Data shown:

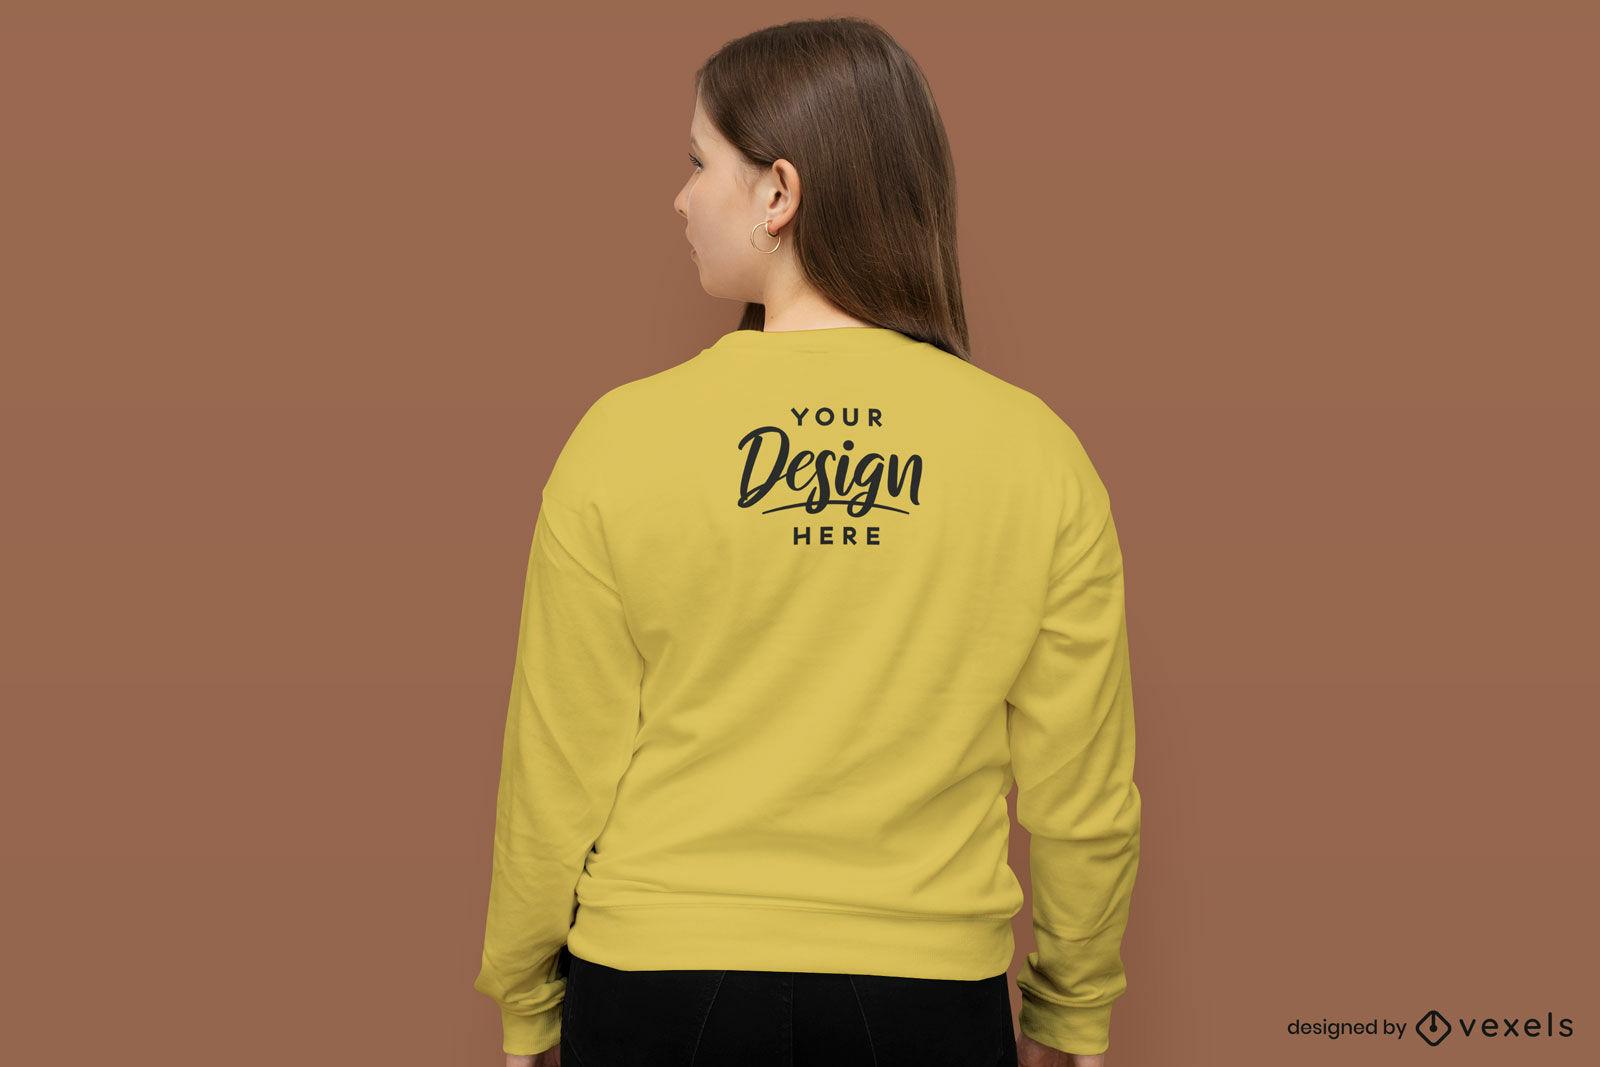 Chica en sudadera con maqueta de fondo yellowe
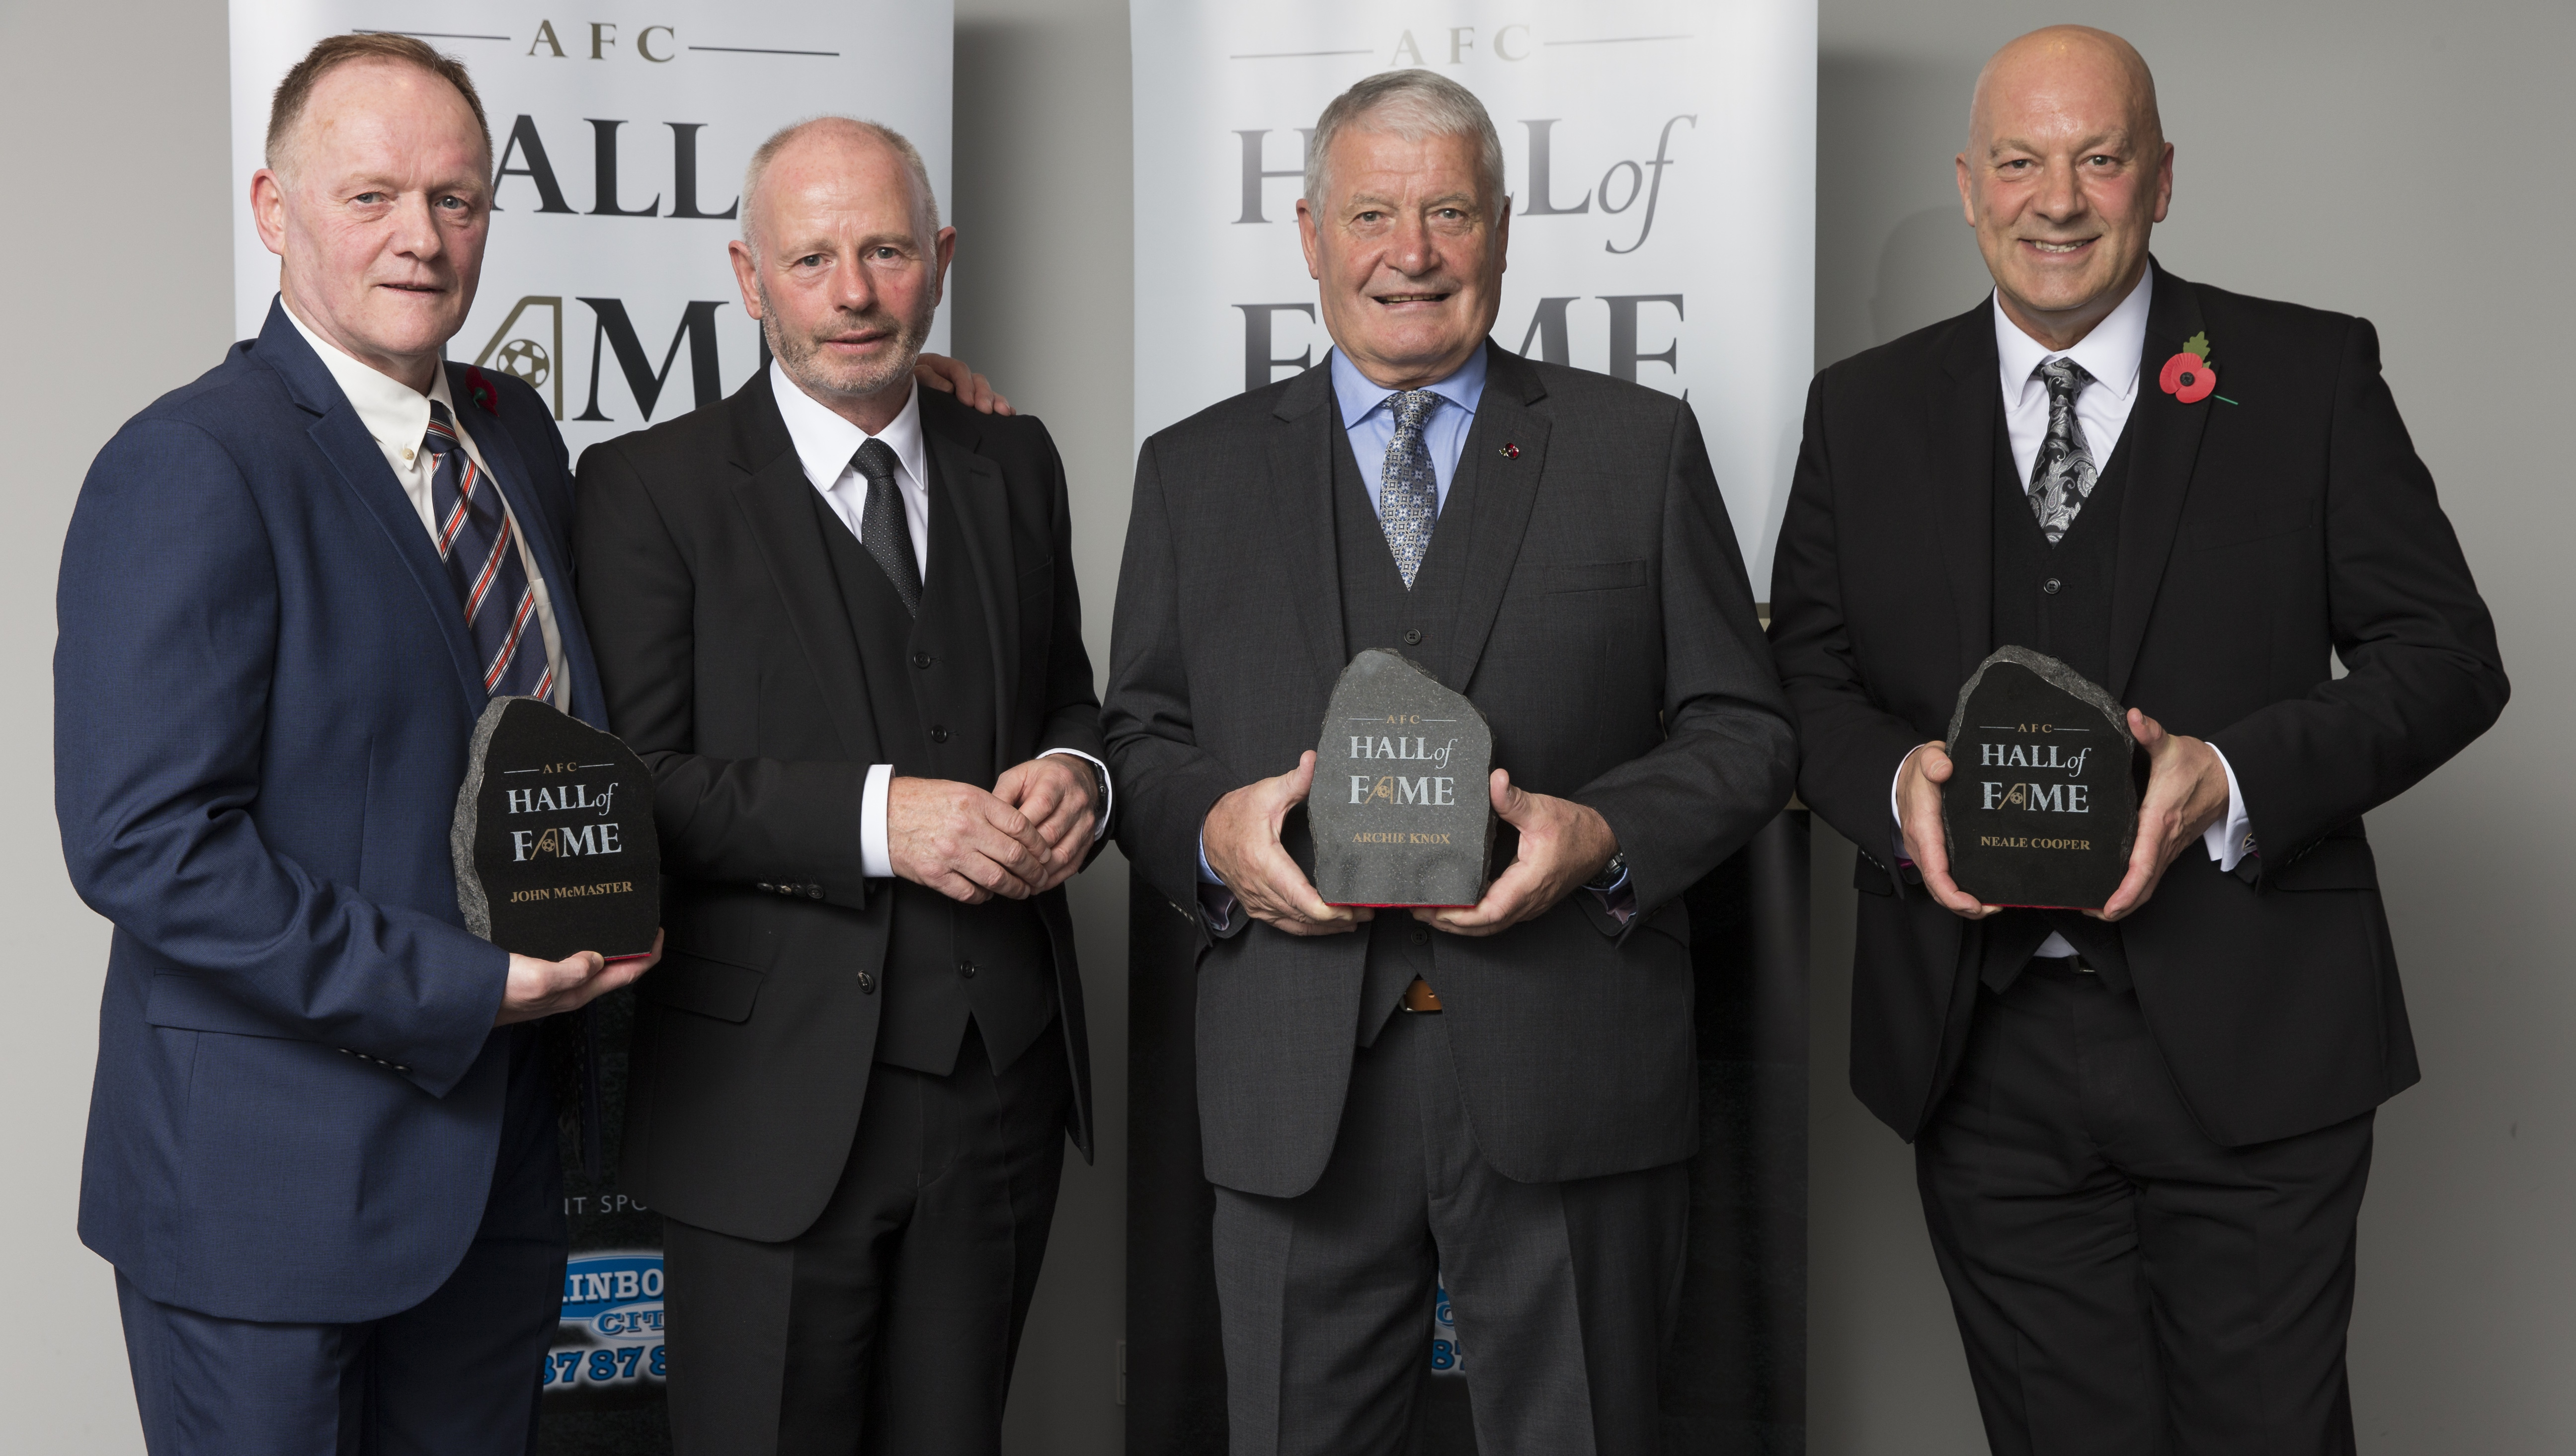 2017 AFC Hall of Fame
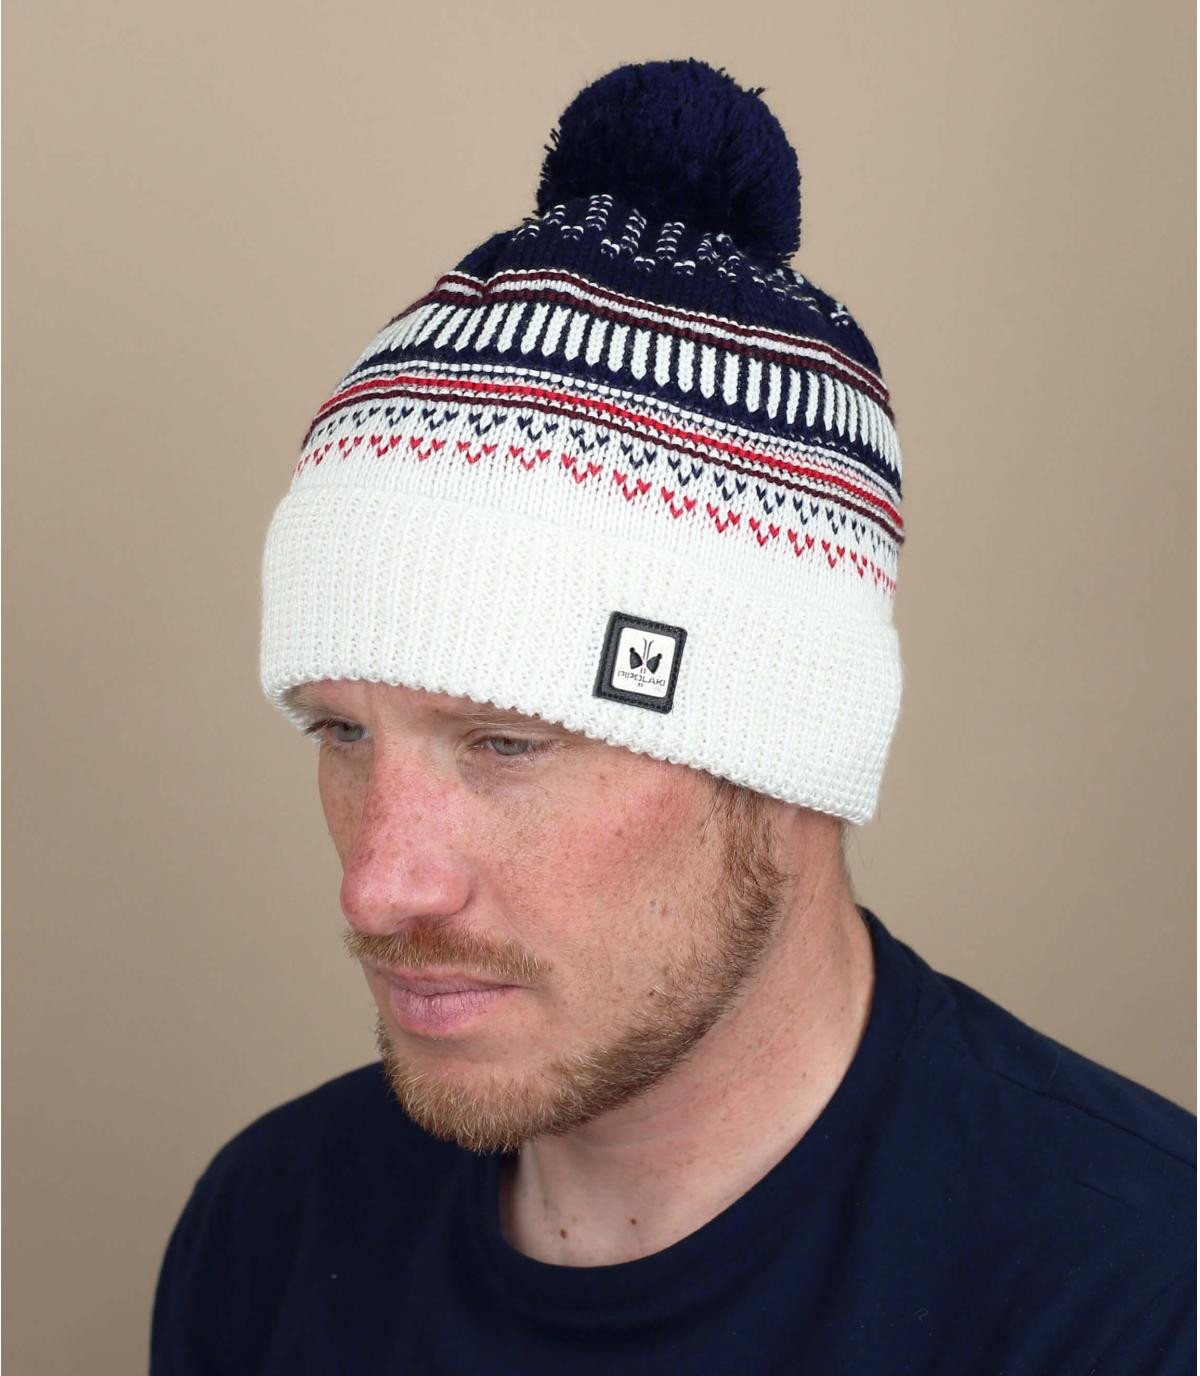 wit blauwe pompon hoed

Assignment: Line by line, output the material above exactly, passing over the pictures.

Exercise answer:
 Chica en sudadera con maqueta de fondo yellowe
 2017 AFC Hall of Fame
 wit blauwe pompon hoed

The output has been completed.